In present study, we identified five features that may affect the rebound and severity of the COVID-19 epidemic, and constructed models to predict the severity of the rebound of the COVID-19 epidemic in China.
In China, the rebound of COVID-19 has caused tremendous hardships and challenges. As of February 3, 2021, 33.1 million COVID-19 vaccine doses have been distributed in the mainland of China (13). However, the COVID-19 rebounds are still occurring. For each COVID-19 rebound, the number of infected people and the duration are different. Some studies analyzed the associations between the outcomes of COVID-19 and socioeconomic and environmental factors (14, 15). Based on the empirical evidence, we speculated that socioeconomic and environmental factors may confer the heterogeneity of COVID-19 rebound among regions.
First, we analyzed external data that may cause the rebound of the COVID-19 in China by the dimensionality reduction and clustering methods. A larger eigenvector value represents a strong correlation between the corresponding factors and the rebound of the COVID-19. The PCA results showed that there exist strong associations of the number of neighbouring countries and the total number of COVID-19 cases in neighbouring countries with rebound of COVID-19. Additionally, we found that cities with the number of cases above the average were concentrated in tier 2 and tier 3 cities. Remarkably, differences between tier 2 or tier 3 cities and tier 1 cities are reflected in internal factors such as medical level, demographic characteristics, and meteorological characteristics. Second, we explored the correlations among factors, and found that there were strong correlations among internal factors. In addition, there were strong correlations between transportation related factors and internal factors. Therefore, we divided these factors into nine categories (“air”, “cargo”, “serve”, “foreign”, “unemployed”, “older”, “urbanratio”, “sexratio”, “aquatic”) to reflect the characteristics of a city from different aspects.

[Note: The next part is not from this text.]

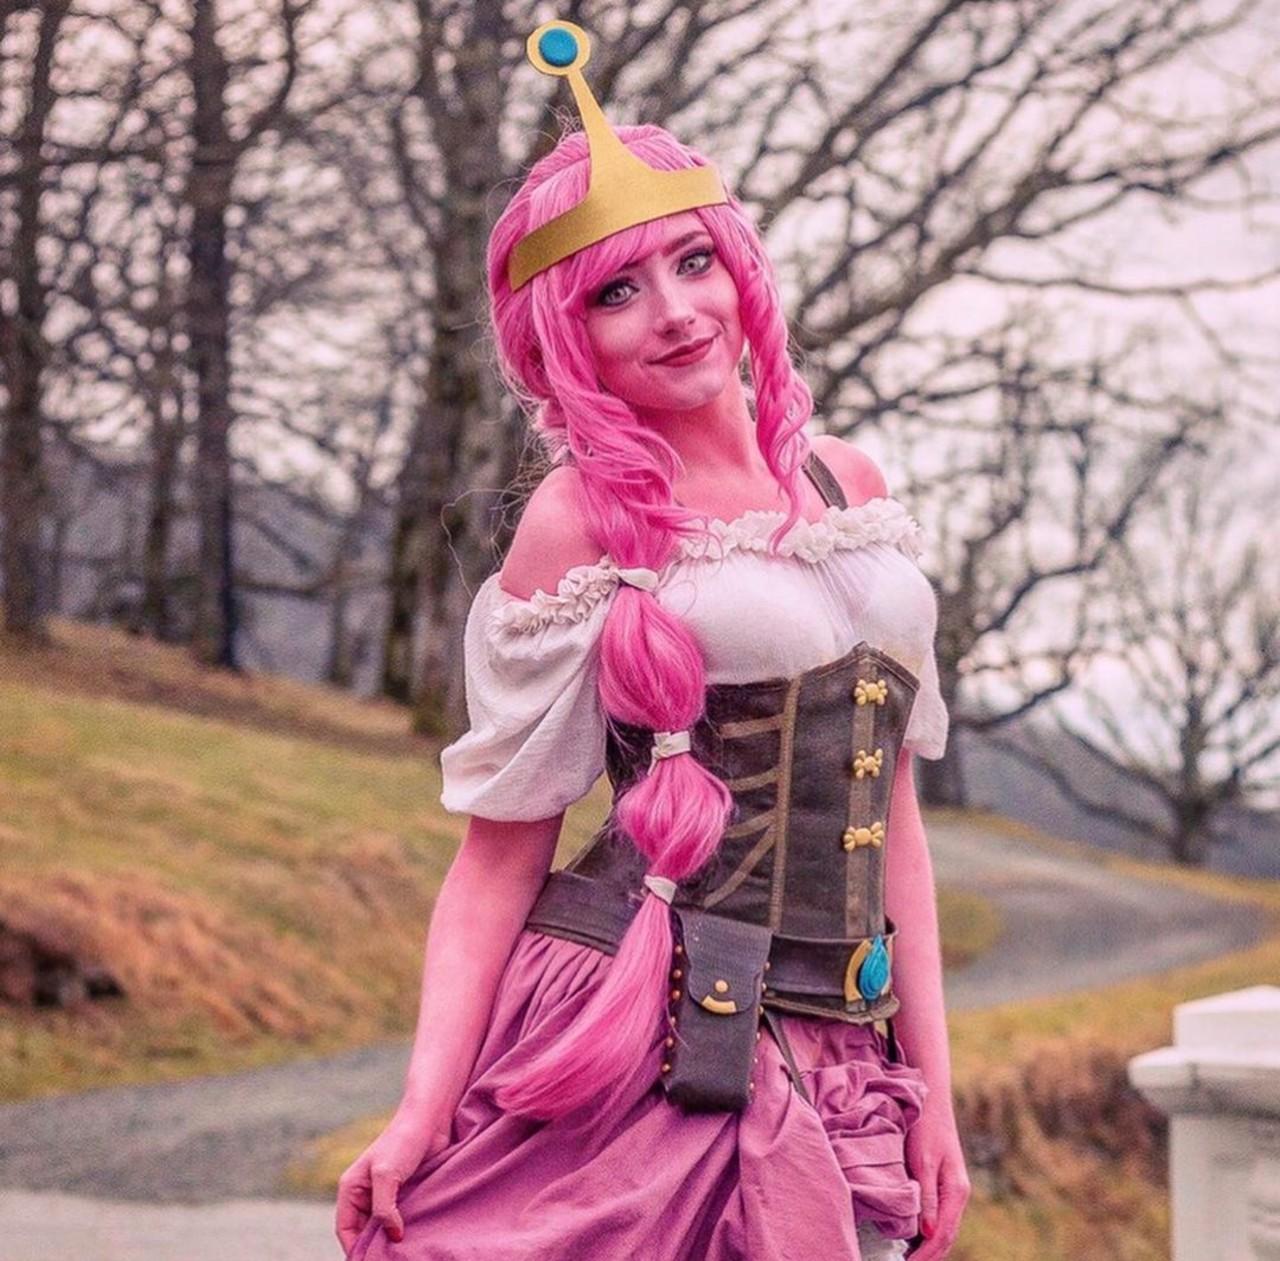 Hora de Aventura: Chica recrea a Dulce Princesa con un interesante estilo steampunk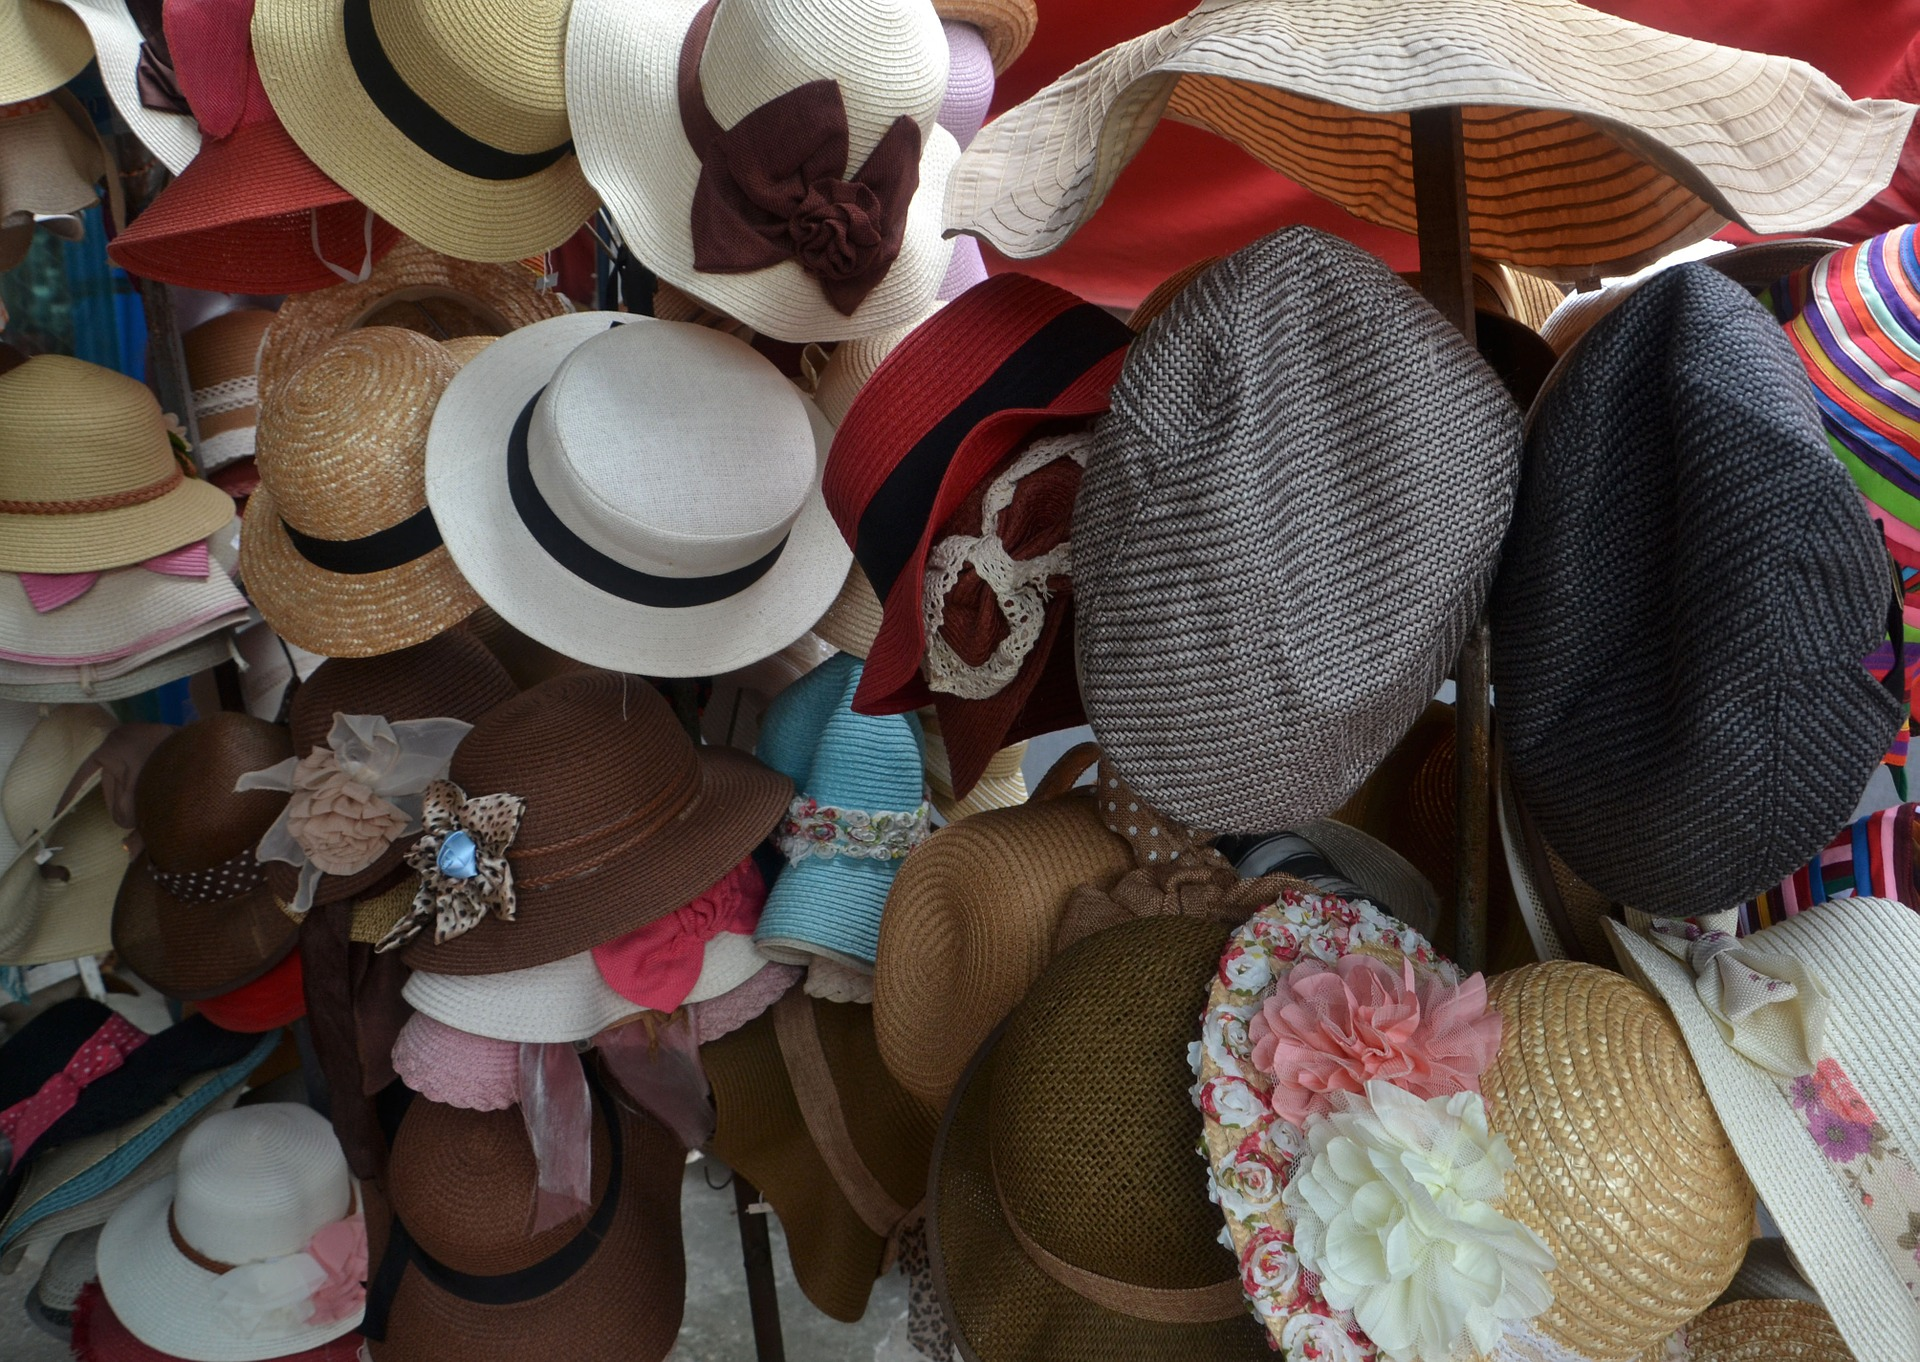 hats-1023709_1920.jpg

To measure the severity of the COVID-19 epidemic, we should not only consider the absolute number of infected people, but also the density of infected population, and the duration of epidemic. Thus, we chose incidence density as the response variable to select five optimal features (“urbanratio”, “unemploy”, “older”, “serve”, and “air”) based on importance score in Random Forest model, and XGBOOST model.
We define “air” as an index that can reflect the comprehensive meteorological characteristics. Associations between meteorological factors and COVID-19 have been discussed in previous studies(16–18). Chien et al. found that temperature, minimum relative humidity, and precipitation can address the impact of meteorological factors on COVID-19, and increasing temperature and precipitation likely can reduce the risk of COVID-19(16). Raza et al. also reported that precipitation and humidity may confer the reduction in COVID-19 cases, and temperature may associate with the increase of COVID-19 cases(18). In this study, we documented that the meteorological factors can be used as a factor to predict the incidence density of COVID-19 rebound.
Synthetic feature “serve” is defined as an indicator reflecting the overall development level of a city including economic level, medical level and service level of a city. We found that this feature showed the highest importance scores both in Random Forest model and XGBOOST model, which indicated that feature “serve” conferred the most of incidence density of COVID-19. In general, due to the large population flow, prosperous cities are more likely to have imported cases, which will lead to the rebound of the COVID-19. However, prosperous cities tend to have higher medical levels and medical resources, and better prevention and control managements, which may contribute to avoiding a serious COVID-19 epidemic.
Additionally, feature “sexratio” and “urbanratio” reflect the demographic characteristics of cities. Understanding the sex differences in COVID-19 severity requires recognitions of both biological and social factors. Sex hormones play an important role in immune regulation, and females can produce greater inflammation and humoral immune response to viral infections(19–23), which may confer the gender differences in the severity of COVID‐19. In addition, gender differences in smoking rate has been suggested to contribute to differences in virus susceptibility and progression (24). Additionally, the mobility and agglomeration of population in cities or towns are often greater than those in rural areas. Thus, a higher urbanization level may confer a higher epidemic risk and faster virus transmission.
With the public data, we demonstrated that the prediction model based on machine learning method can provide insights for the resource planning of health care services to address the burden of COVID-19 pandemic. We constructed three concise models based on the five optimal features. The RF model showed the largest AUC while the traditional logistic regression model was the smallest, which means in our study, RF model is optimal for predicting the severity of COVID‐19 rebound. In China, sporadic cases with positive SARS-CoV-2 across the country are still emerging. Our study may provide a novel insight into the urgent problem: how to balance the effectiveness of control and the negative impact of control.